:: Work instructions ::
Reproduce only the lines of the material below that start at the line containing "Silhouette Woman Black" and stop at the line containing "Roles of Platelet-Derived". Keep both end lines.

:: Input ::
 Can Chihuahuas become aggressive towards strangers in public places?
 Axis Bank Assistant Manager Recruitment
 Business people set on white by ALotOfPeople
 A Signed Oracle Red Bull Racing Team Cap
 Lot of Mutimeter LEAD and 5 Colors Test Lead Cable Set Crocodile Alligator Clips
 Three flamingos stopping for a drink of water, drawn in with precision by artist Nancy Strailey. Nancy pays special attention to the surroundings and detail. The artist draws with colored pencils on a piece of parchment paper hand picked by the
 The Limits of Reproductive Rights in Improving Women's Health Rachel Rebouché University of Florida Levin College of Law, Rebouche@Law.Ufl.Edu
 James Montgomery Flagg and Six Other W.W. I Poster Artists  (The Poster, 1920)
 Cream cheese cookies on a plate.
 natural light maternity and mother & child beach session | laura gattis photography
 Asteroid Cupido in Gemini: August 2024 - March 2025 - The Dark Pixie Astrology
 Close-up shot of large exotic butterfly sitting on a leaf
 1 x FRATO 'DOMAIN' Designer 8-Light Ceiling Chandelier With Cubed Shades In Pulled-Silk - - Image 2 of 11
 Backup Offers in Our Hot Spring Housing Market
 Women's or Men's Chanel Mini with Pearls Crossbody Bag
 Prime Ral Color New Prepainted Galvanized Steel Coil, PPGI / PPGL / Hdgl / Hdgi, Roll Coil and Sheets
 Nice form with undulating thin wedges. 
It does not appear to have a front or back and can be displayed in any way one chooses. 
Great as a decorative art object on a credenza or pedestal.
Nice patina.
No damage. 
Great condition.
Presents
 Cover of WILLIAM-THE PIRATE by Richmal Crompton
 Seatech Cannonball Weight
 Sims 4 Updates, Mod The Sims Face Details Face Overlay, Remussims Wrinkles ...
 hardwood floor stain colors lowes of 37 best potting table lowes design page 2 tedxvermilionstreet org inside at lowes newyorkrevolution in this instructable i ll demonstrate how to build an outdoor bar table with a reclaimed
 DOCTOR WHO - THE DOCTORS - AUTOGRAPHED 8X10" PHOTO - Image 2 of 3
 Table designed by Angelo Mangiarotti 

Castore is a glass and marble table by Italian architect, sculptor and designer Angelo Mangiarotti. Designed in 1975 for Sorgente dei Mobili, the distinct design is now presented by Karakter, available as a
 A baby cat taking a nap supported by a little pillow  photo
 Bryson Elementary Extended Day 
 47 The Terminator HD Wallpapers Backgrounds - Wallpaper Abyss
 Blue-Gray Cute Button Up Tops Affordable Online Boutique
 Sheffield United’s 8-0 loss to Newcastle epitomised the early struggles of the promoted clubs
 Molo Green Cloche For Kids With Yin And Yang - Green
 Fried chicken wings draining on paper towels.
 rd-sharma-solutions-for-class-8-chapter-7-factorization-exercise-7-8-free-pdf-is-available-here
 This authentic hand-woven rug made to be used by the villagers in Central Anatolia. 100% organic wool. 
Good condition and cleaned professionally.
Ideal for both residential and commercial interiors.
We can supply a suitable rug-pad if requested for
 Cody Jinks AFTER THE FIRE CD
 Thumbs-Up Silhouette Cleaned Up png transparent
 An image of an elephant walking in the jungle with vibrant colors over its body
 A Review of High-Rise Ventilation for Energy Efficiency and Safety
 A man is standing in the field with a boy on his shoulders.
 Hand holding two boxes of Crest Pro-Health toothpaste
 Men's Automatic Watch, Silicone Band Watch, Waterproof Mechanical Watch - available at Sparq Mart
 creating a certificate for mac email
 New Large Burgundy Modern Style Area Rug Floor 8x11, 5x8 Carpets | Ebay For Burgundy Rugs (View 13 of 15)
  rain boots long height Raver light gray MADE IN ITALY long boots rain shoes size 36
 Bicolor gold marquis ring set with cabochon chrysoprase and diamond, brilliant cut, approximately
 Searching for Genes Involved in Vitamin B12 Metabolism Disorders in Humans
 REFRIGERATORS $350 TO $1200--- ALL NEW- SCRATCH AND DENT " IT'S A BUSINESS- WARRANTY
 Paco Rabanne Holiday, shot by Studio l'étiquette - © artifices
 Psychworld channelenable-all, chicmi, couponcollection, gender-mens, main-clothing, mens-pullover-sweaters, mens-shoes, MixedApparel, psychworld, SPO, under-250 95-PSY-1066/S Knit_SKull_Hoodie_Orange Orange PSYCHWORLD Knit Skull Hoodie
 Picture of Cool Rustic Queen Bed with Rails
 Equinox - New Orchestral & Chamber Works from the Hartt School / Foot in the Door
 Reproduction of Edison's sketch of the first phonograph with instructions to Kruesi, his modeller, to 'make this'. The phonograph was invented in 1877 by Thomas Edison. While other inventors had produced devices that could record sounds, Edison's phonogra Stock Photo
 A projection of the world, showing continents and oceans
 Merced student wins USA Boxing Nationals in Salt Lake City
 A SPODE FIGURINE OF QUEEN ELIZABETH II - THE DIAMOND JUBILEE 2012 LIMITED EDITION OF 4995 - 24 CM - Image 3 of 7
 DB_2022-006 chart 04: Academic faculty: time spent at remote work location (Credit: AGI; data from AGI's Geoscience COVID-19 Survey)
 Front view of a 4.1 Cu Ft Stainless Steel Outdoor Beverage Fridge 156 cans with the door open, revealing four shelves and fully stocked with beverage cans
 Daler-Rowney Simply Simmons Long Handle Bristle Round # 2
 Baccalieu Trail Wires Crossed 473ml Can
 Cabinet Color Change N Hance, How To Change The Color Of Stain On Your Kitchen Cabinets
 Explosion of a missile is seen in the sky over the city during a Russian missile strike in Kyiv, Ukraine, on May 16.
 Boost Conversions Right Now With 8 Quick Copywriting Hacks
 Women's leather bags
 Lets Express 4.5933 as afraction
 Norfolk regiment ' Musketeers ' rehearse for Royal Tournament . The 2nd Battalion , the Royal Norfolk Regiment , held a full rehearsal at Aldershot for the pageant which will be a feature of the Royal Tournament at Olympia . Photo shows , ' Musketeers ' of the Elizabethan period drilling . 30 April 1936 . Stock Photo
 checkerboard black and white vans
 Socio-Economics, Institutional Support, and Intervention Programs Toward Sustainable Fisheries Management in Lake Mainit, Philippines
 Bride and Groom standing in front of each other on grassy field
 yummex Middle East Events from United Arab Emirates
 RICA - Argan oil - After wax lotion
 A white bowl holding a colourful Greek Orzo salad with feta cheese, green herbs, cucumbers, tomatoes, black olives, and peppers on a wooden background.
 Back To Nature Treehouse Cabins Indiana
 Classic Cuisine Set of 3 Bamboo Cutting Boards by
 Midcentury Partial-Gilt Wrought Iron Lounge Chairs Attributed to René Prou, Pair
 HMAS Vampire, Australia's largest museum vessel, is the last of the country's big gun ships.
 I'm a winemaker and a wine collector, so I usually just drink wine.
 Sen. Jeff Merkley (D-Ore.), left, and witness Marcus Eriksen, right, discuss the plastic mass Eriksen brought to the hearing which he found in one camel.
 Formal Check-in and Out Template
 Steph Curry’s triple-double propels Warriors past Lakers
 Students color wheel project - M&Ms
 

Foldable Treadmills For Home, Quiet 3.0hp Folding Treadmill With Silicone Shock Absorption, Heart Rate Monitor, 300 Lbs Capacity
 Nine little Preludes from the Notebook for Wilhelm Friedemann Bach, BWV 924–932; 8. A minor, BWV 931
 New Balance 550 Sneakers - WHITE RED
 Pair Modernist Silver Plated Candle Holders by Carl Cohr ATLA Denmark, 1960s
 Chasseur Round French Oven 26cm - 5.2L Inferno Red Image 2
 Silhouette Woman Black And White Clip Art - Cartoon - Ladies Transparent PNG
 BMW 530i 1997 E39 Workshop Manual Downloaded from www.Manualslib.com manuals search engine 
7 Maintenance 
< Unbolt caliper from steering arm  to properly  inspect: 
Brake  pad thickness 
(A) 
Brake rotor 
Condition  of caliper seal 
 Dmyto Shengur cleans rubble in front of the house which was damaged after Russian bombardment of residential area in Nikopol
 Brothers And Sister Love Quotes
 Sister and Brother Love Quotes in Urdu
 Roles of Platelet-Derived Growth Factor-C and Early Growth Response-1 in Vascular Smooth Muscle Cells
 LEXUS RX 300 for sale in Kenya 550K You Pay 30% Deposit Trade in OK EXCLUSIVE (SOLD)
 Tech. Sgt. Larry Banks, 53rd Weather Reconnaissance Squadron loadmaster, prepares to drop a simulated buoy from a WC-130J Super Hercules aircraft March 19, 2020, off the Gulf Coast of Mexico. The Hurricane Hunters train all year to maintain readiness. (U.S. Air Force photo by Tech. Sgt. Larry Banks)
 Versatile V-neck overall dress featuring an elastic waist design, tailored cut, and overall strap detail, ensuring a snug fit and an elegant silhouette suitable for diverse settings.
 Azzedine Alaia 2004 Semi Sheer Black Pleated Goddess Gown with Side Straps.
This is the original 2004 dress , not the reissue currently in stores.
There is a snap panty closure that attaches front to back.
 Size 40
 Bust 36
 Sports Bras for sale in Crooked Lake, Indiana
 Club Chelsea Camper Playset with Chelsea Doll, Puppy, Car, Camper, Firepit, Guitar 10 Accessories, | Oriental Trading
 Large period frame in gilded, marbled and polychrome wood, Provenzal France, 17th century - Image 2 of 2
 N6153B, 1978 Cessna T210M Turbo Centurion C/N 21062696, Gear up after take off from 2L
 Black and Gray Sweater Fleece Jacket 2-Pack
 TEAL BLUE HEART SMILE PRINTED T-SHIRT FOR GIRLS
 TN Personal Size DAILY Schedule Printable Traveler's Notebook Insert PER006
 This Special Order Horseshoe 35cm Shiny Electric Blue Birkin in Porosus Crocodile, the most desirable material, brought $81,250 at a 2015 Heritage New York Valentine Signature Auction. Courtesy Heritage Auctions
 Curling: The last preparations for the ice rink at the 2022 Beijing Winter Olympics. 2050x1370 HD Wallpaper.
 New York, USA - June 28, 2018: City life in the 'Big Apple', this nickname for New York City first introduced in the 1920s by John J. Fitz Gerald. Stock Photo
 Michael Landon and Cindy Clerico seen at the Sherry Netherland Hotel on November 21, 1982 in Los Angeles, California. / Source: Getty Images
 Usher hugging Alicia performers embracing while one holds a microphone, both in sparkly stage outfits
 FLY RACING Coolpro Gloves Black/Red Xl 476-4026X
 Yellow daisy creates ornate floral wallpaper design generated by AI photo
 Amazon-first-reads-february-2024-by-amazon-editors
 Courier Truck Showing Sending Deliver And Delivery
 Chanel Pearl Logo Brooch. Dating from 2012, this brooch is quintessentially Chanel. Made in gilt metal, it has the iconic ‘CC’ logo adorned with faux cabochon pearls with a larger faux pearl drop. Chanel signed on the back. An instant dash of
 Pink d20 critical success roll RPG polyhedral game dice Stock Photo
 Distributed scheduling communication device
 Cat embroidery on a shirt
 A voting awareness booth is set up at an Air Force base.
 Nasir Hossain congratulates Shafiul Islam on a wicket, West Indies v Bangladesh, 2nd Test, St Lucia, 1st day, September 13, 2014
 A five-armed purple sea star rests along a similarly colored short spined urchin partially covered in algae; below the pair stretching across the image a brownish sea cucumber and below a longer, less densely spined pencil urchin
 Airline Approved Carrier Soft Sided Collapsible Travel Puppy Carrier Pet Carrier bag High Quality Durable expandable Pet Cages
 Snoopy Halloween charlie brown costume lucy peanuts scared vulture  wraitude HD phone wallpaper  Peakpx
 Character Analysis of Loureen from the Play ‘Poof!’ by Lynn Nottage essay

:: The answer ::
 Silhouette Woman Black And White Clip Art - Cartoon - Ladies Transparent PNG
 BMW 530i 1997 E39 Workshop Manual Downloaded from www.Manualslib.com manuals search engine 
7 Maintenance 
< Unbolt caliper from steering arm  to properly  inspect: 
Brake  pad thickness 
(A) 
Brake rotor 
Condition  of caliper seal 
 Dmyto Shengur cleans rubble in front of the house which was damaged after Russian bombardment of residential area in Nikopol
 Brothers And Sister Love Quotes
 Sister and Brother Love Quotes in Urdu
 Roles of Platelet-Derived Growth Factor-C and Early Growth Response-1 in Vascular Smooth Muscle Cells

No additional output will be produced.